For the four Windsor Spitfires trying to make Canada’s team, there is only one thing that could top their comeback victory for the Memorial Cup last spring — a gold medal at the world junior championships.

Taylor Hall is one of four Windsor Spitfires at the Team Canada world junior selection camp in Regina.

REGINA — For the four Windsor Spitfires trying to make Canada’s team, there is only one thing that could top their comeback victory for the Memorial Cup last spring — a gold medal at the world junior championships.

Spitfires Taylor Hall, Ryan Ellis, Adam Henrique and Greg Nemisz were among the 35 players who took to the ice at the Brandt Centre on Sunday to begin battling for spots on the Canadian team that will be vying for a sixth consecutive gold medal at the world juniors Dec. 26-Jan. 5 in Regina and Saskatoon.

And there’s a chance all four will make the cut when the 22-man roster is announced on Wednesday.

“Any time your team has success there will be individual success that comes with it, so I think it’s a byproduct of the Memorial Cup,” said Hall. “That’s why we’re successful — we push each other — and we’ll push each other here.”

Hall is projected as a possible No. 1 overall pick in the NHL draft in June and is having a big season in Windsor, leading the Ontario Hockey League with 26 goals and 33 assists in 34 games. Right behind him is Henrique, with 28 goals and 25 assists.

Nemisz is fourth with 24 goals and 24 helpers, while the stocky Ellis, one of six players in camp returning from last year’s world junior team, is the team’s power-play point man.

Hall, a speedy, soft-handed left winger, was named most valuable player at the Memorial Cup in Rimouski in May, when the Spitfires became the first team to win after dropping their first two games. But many felt that Henrique was just as worthy with four clutch goals in six games and fine two-way play at centre.

The six-foot-three 200-pound Nemisz, a Calgary Flames prospect, is a physical right winger.

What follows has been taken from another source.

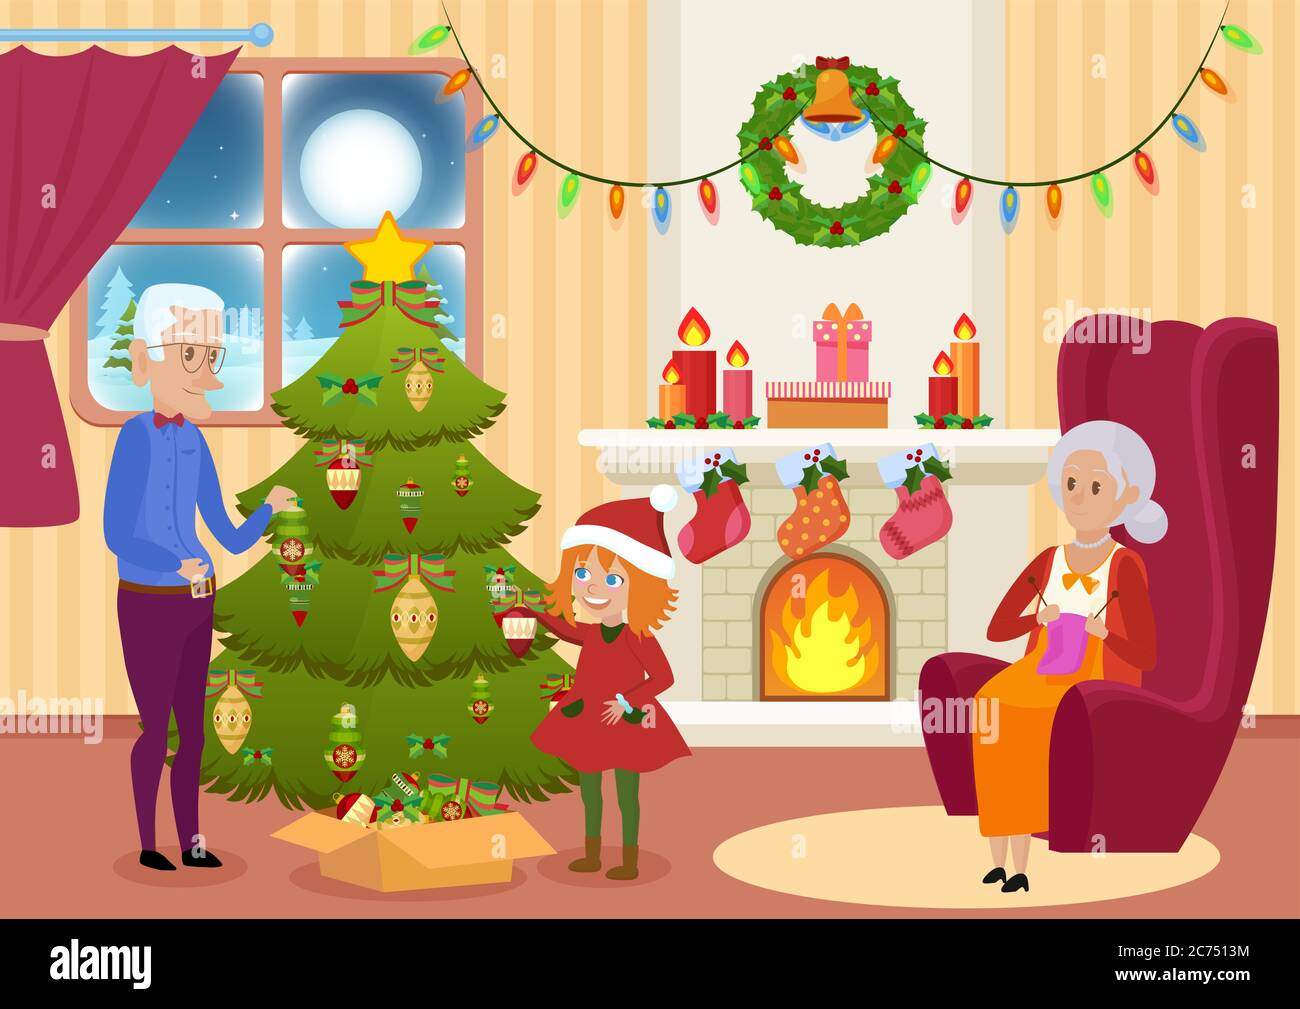 Vektor-Illustration von Enkelin und Großvater Dekoration Weihnachtsbaum, während Großmutter stricken. Stock Vektor

All four were placed on the same team as the players were split into two sides for intra-squad games, as were other club teammates such as returning centre Patrice Cormier and right-winger Jordan Caron of the Rimouski Oceanic, or centre Brayden Schenn and right-winger Scott Glennie of the Brandon Wheat Kings.

“We’re trying to let guys who play together be together,” said head coach Willie Desjardins of the Medecine Hat Tigers. “It’s worked for their club teams and we want to see if it will work here as well.

“It’s hard when you have guys from the same team playing against each other because you don’t want to be physical against a teammate. Once we’re together on one team, then we’ll mix the lines up.”

Hall, who was cut from last year’s camp as a 16-year-old, and centre Tyler Seguin of the Plymouth Whalers will be watched closely as they will both likely go in the top three or four in the NHL draft, perhaps even one-two. Seguin is currently third in OHL scoring with 26 goals and 25 assists and some feel he may overtake Hall in the rankings before they’re through.

“I’m having fun with it and I’m sure he is too,” said Hall, of Kingston, Ont. “It’ll make us both better players in the future.

“Speaking for myself, my goal is not to go No. 1 overall. It’s to play in the NHL and win a Stanley Cup one day. Hopefully, we can push each other. This tournament is a big spotlight. If you win a gold medal, no matter how much you play, your ranking goes up. So it’s a great opportunity for myself and a lot of other guys.”

While Hall’s offensive skills are dazzling, he knows he will need to look after the defensive side of the game as well to make the team.

The world juniors is essentially an event for 19-year-old players, and “underage” players like Hall, Seguin, forward John McFarland of the Sudbury Wolves and defenceman Brandon Gormley of the Moncton Wildcats often don’t get the ice time they’re used to, although John Tavares was named MVP of the tournament last year in Ottawa and then went first overall in the draft.

“I’m a very offensive player in Windsor and it’s a different role than I would have here,” said Hall. “In Windsor, I play a lot on the power play and the penalty kill, and here I’m going to be relied on to play solid defence and chip in on offence.

“They want me to be more of a complete player.”